6. ADOLF WINDAUS (1876-1959)
Another Nobel laureate who happened to have been born on Christmas Day, this Berlin native took home the 1928 Nobel Prize for chemistry. The award was granted to Windaus in recognition of the lifetime’s worth of research he’d conducted on sterols, a class of organic compounds that includes cholesterol. Windaus’s interest in this topic began shortly after he earned a Ph.D. in chemistry from the University of Freiburg. At the time, little was known about sterols, and the scientist dedicated his career to plugging the gaps in our understanding of them. Through careful research, Windaus would discover that these compounds are closely akin to bile acids. He also learned that a fungal sterol called ergosterol can be utilized to cure rickets. Furthermore, it was Windaus who first determined the chemical composition of Vitamin D.
BONUS: ISAAC NEWTON (1642/43-1726/27)
If you could somehow resurrect Isaac Newton for an interview, he’d tell you that he was born on December 25, 1642—but modern historians cite January 4, 1643 as his actual birthday.
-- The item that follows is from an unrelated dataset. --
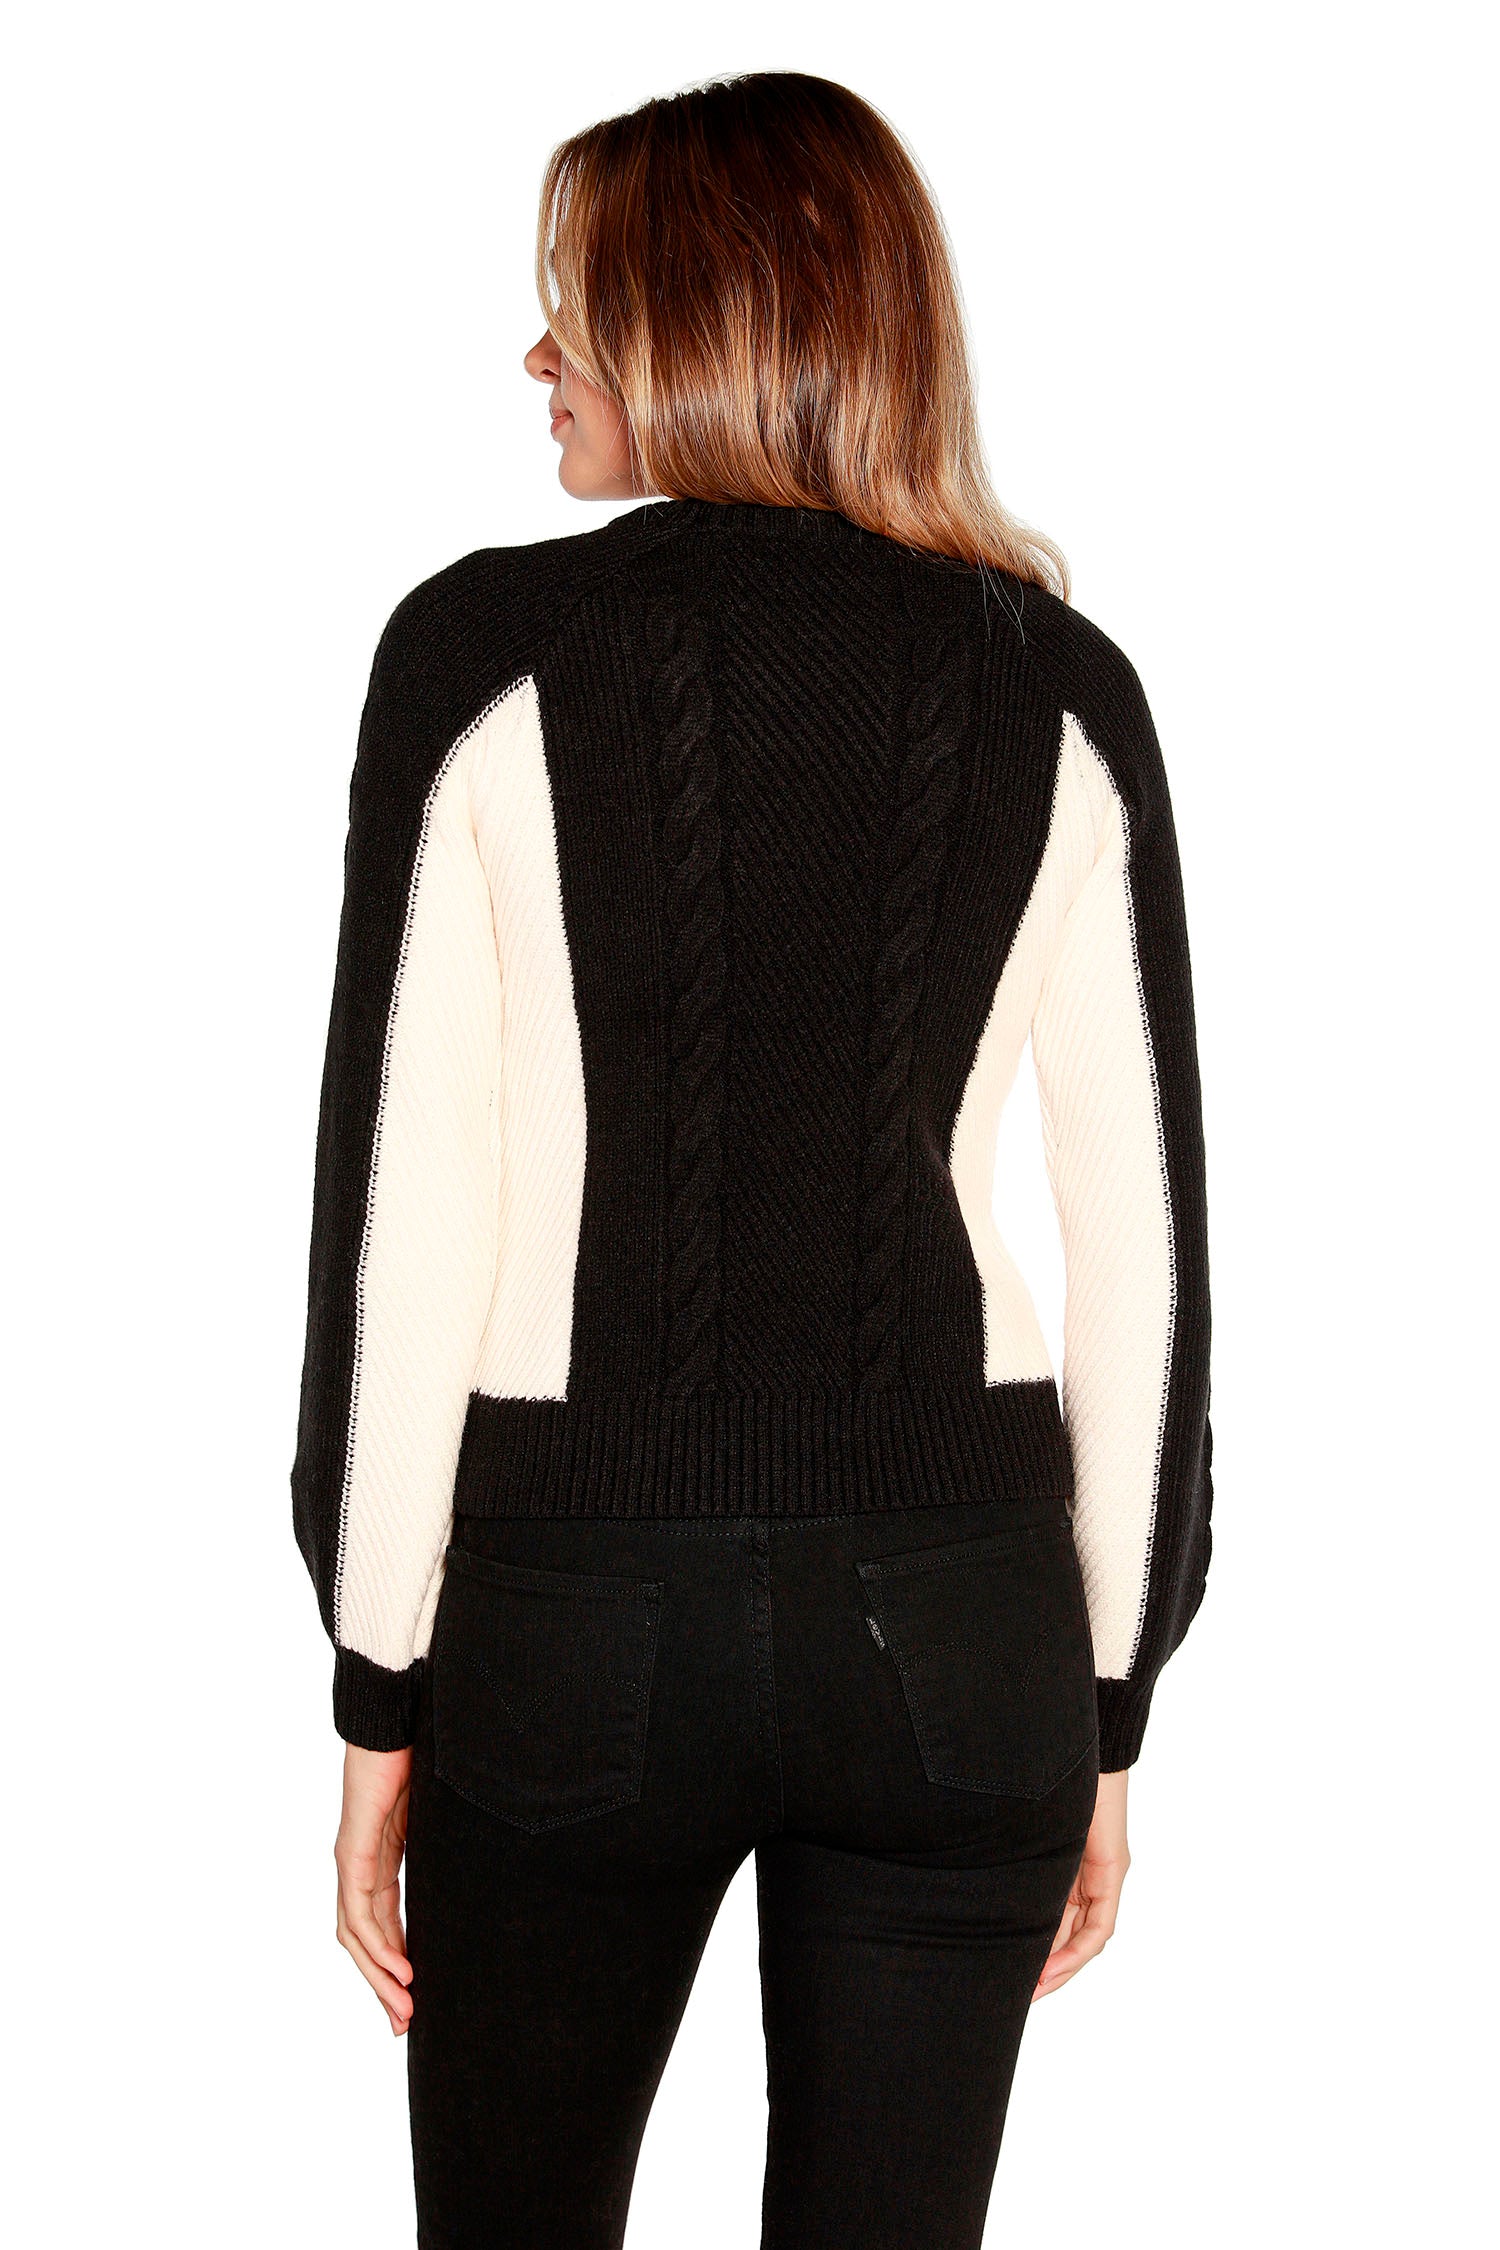 Women's Dramatic Color Blocked Sweater with Gold Button Detail
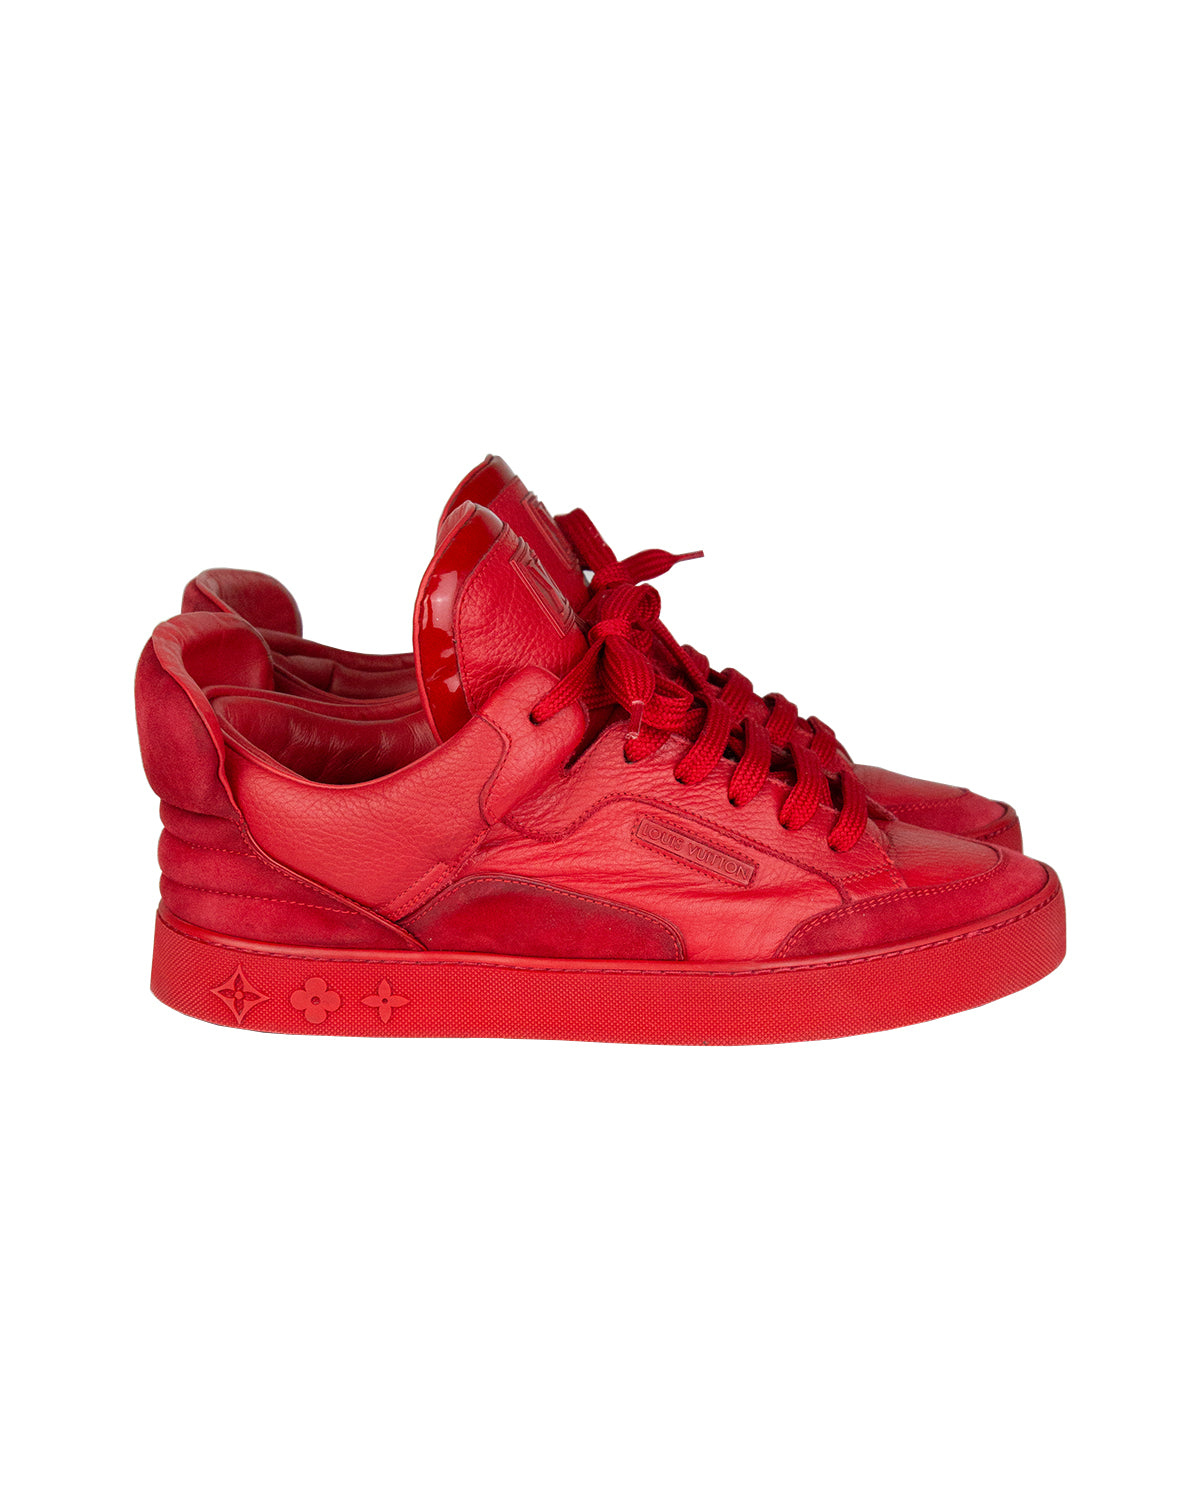 Louis Vuitton 2009 LV x Kanye West Don (Red)

Confused? Take it up with Julius Caesar. In 45 BCE, the Roman dictator implemented a standardized, 365-day calendar (with leap years every four years, eventually) we now call the “Julian calendar.” Unfortunately, it relied on astronomical calculations that overestimated the time it takes the Earth to complete one full rotation around the sun by 11 minutes and 14 seconds. As the centuries passed, those extra minutes and seconds added up; by the mid-1500s, the Julian calendar had fallen about 10 days out of sync with the planet’s rotation. Clearly, something had to be done. So in 1582 CE, Pope Gregory XIII mandated a new calendar. Dubbed the “Gregorian calendar,” it was designed to facilitate some much-needed leap year reform (among other things). The Pope also erased the synchronization problem that the Julian Calendar had created by eliminating 10 full days from 1582. So Thursday, October 4 of that year was immediately followed by Friday, October 15.
But while Roman Catholic countries like France and Spain adopted the Gregorian calendar right away, Great Britain—Newton’s birthplace—didn’t follow suit until 1752. When the UK and its colonies finally implemented this calendar, they did so by striking 11 days from existence, doing away with September 3 through September 13. At the time, Ben Franklin is said to have remarked, “It is pleasant for an old man to go to sleep on September 2 and not have to wake up until September 14.”
By then, Isaac Newton had been dead for years. According to the Julian Calendar, he was born in 1642 and died in 1726. However, for consistency’s sake, historians have retroactively adjusted all pre-1752 years to conform to the Gregorian calendar—so today’s scholars cite January 4, 1643 as Newton’s birthday and March 31, 1727 as his death day (another part of the reform was to move when the New Year was celebrated, meaning Newton died before the new year under the Julian Calendar, but after under Gregorian). So there you have it: Arguably the greatest scientist in history both is and isn’t a Christmas baby.